Ist es eine akute Terrorbedrohung, die Thomas de Maizière zu diesem ungewöhnlichen Schritt bewegt? Fast scheint es so, als wollten die Experten im Bundesinnenministerium nicht auf den nächsten Anschlag warten, um bei den Bundestagsabgeordneten der Großen Koalition für einen äußerst ungewöhnlichen Plan zu werben: Die Bundesregierung will eine neue Sicherheitsbehörde schaffen, die nur eine einzige Aufgabe bekommt. Eine „Zentrale Stelle für Informationstechnik im Sicherheitsbereich“, kurz Zitis genannt, soll ab 2017 alle verschlüsselten Botschaften im Internet dechiffrieren.
Bis zu 400 Mitarbeiter sollen sich ausschließlich damit beschäftigen, die immer öfter eingesetzten Chiffrier-Verfahren von Telekom-Konzernen, Telefonherstellern und App-Anbietern zu knacken. Das Ziel ist klar: Die Strafverfolger und Staatsschützer wollen auch die geheimen Botschaften im Internet lesen, die Terroristen und Cyberbanden über soziale Netzwerke und andere schwer zugängliche Kommunikationskanäle austauschen.
Deutschland will das Darknet ausleuchten
Sicherheitsbehörden und Geheimdienste verspüren seit jeher den Drang, alle Kommunikationskanäle mit lauteren und unlauteren Mitteln anzuzapfen, um sich ein umfassendes Bild über die Aktivitäten der Gegenseite zu verschaffen und ein möglichst exaktes Bild über die Sicherheitslage zu erstellen. Die Enthüllungen des ehemaligen NSA-Agenten Edward Snowden haben gezeigt, mit welcher Perfektion die US-Geheimdienste das massenhafte Ausspähen der globalen Datenströme betreiben. Bei diesem Wettrüsten im Cyberraum will die Bundesregierung nun mitspielen und die besonders dunklen Ecken im sogenannten Darknet, dem für viele unsichtbaren Teil im Internet, ausleuchten.
Auf dem Spiel steht damit aber die Vertrauenswürdigkeit der deutschen IT-Anbieter. Mit staatlicher Forschungsförderung und mit Hilfe des Bundesamtes für Sicherheit in der Informationstechnik schuf Deutschland in den vergangenen Jahren eine eigene Verschlüsselungsindustrie, die auch im Ausland einen guten Ruf genießt.
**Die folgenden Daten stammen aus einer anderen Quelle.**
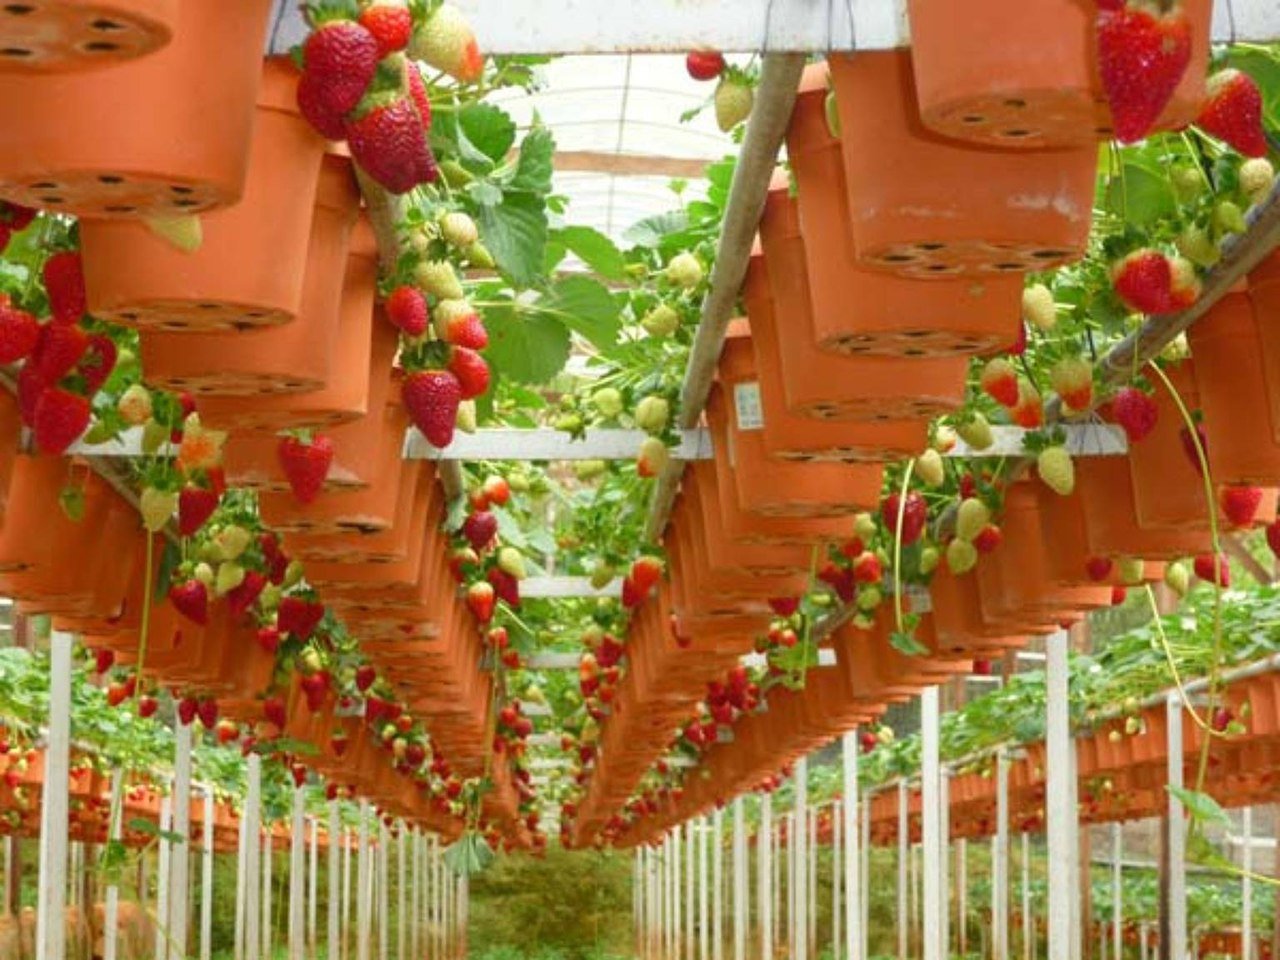 Пошаговая инструкция выращивания томатов по голландской технологи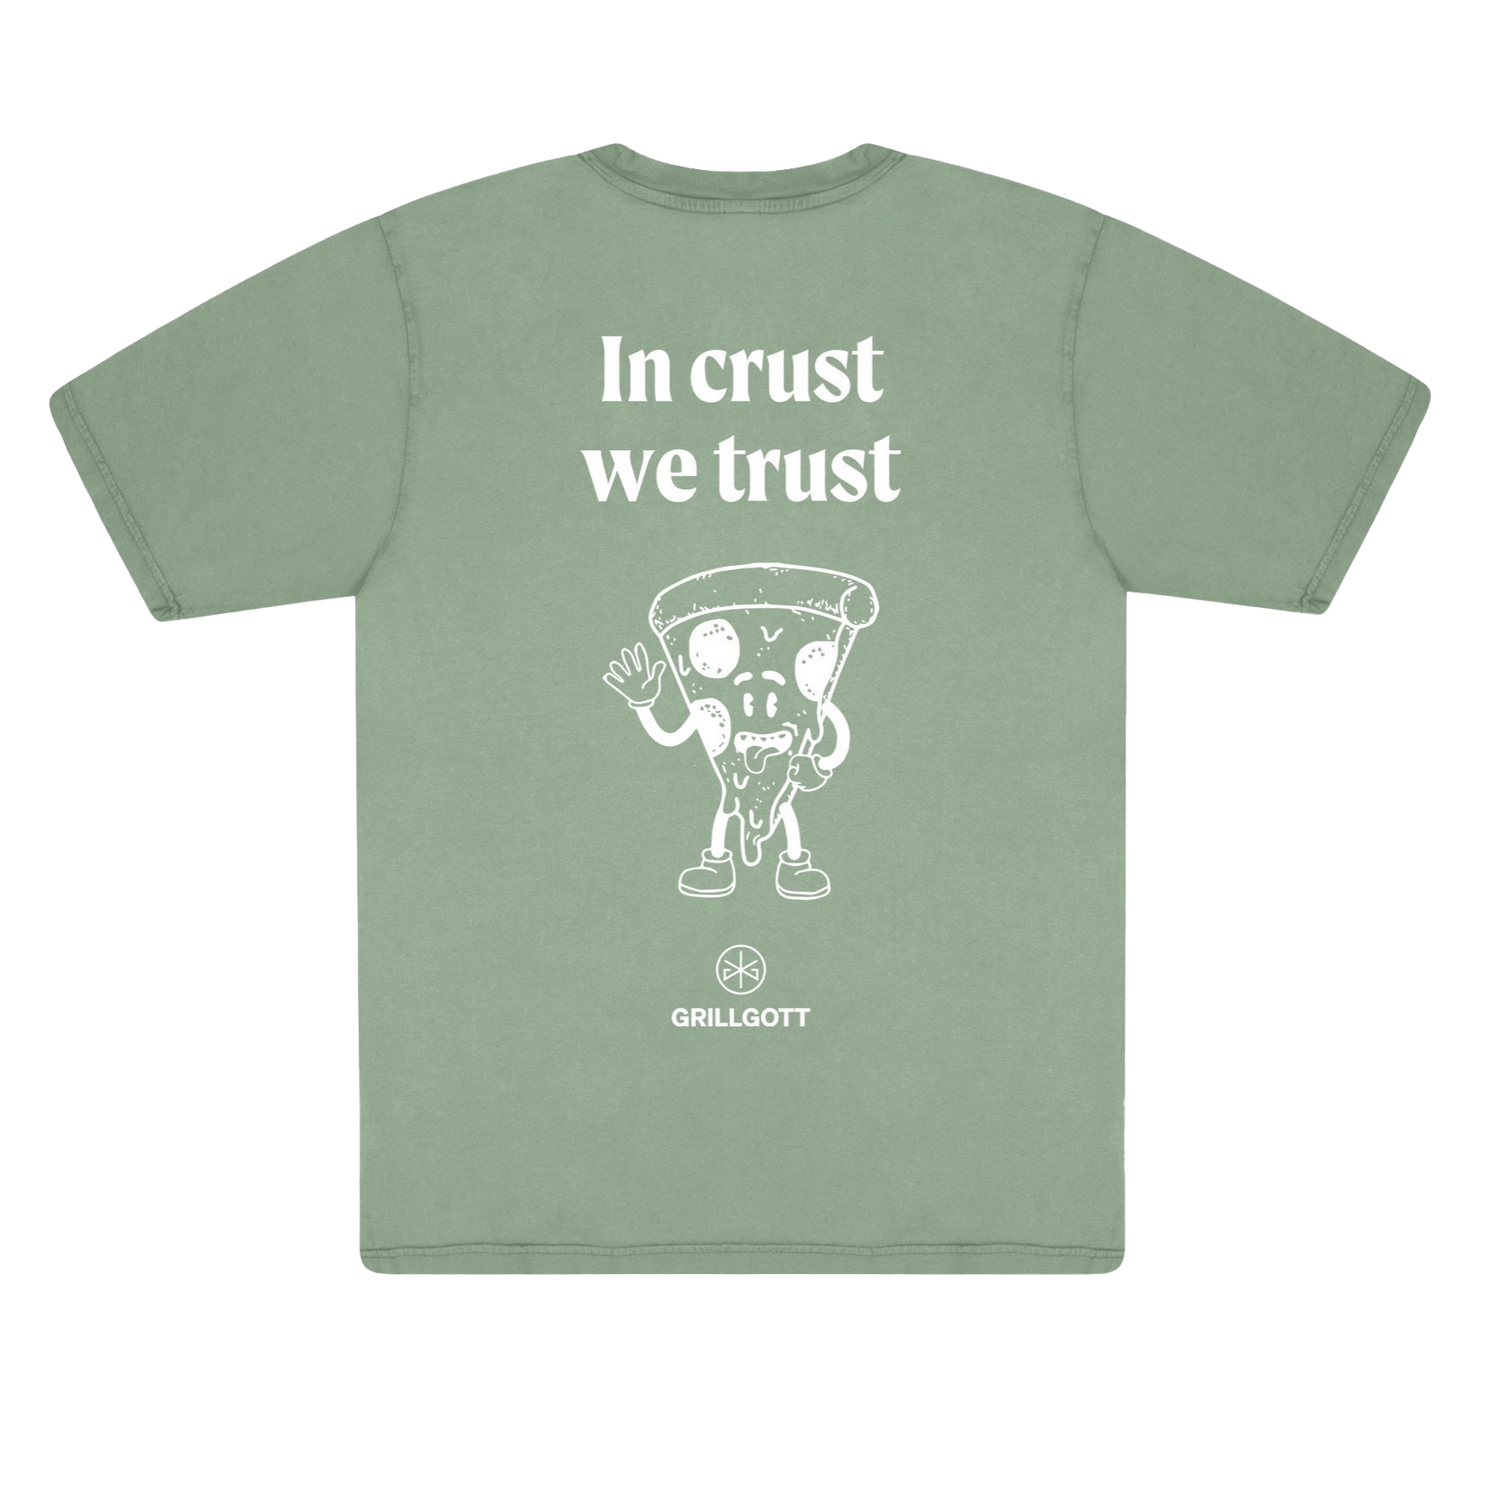 Grillgott T-Shirt XL "In crust we trust"

In vielen Segmenten des Internets, bei Hardware, Software und Betriebssystemen, hat Deutschland den Anschluss verloren. Im Bereich Datensicherheit und Verschlüsselung aber nicht. Dort wuchs in den vergangenen Jahren ein kleine, aber feine Gruppe aus mehreren deutschen Spezialanbietern wie Secunet und Rohde & Schwarz heran, die durchaus zu den Pionieren von hochsicheren Verschlüsselungslösungen gehört, wie Studien des Bundeswirtschaftsministeriums mehrfach feststellten.





Sie entwickeln kryptografische Systeme, die nicht nur im Regierungsnetz, sondern auch in der Privatwirtschaft zum Einsatz kommen. Als „vertrauenswürdige Anbieter“ werben diese Anbieter mit dem Gütesiegel „Security Made in Germany“ und hoffen darauf, dass ihre Produkte auch ein Exportschlager werden.
Ihr großer Vorteil: Im Gegensatz zu den Konkurrenten aus den USA konnten sich die Kunden bisher darauf verlassen, dass es keine Hintertüren und Gegenschlüssel für Sicherheitsbehörden und Geheimdienste gibt. Eine Behörde zu gründen, die genau diese Gegenschlüssel künftig entwickelt, könnte die Vertrauenswürdigkeit der deutschen Kryptografie-Techniken nachhaltig schädigen.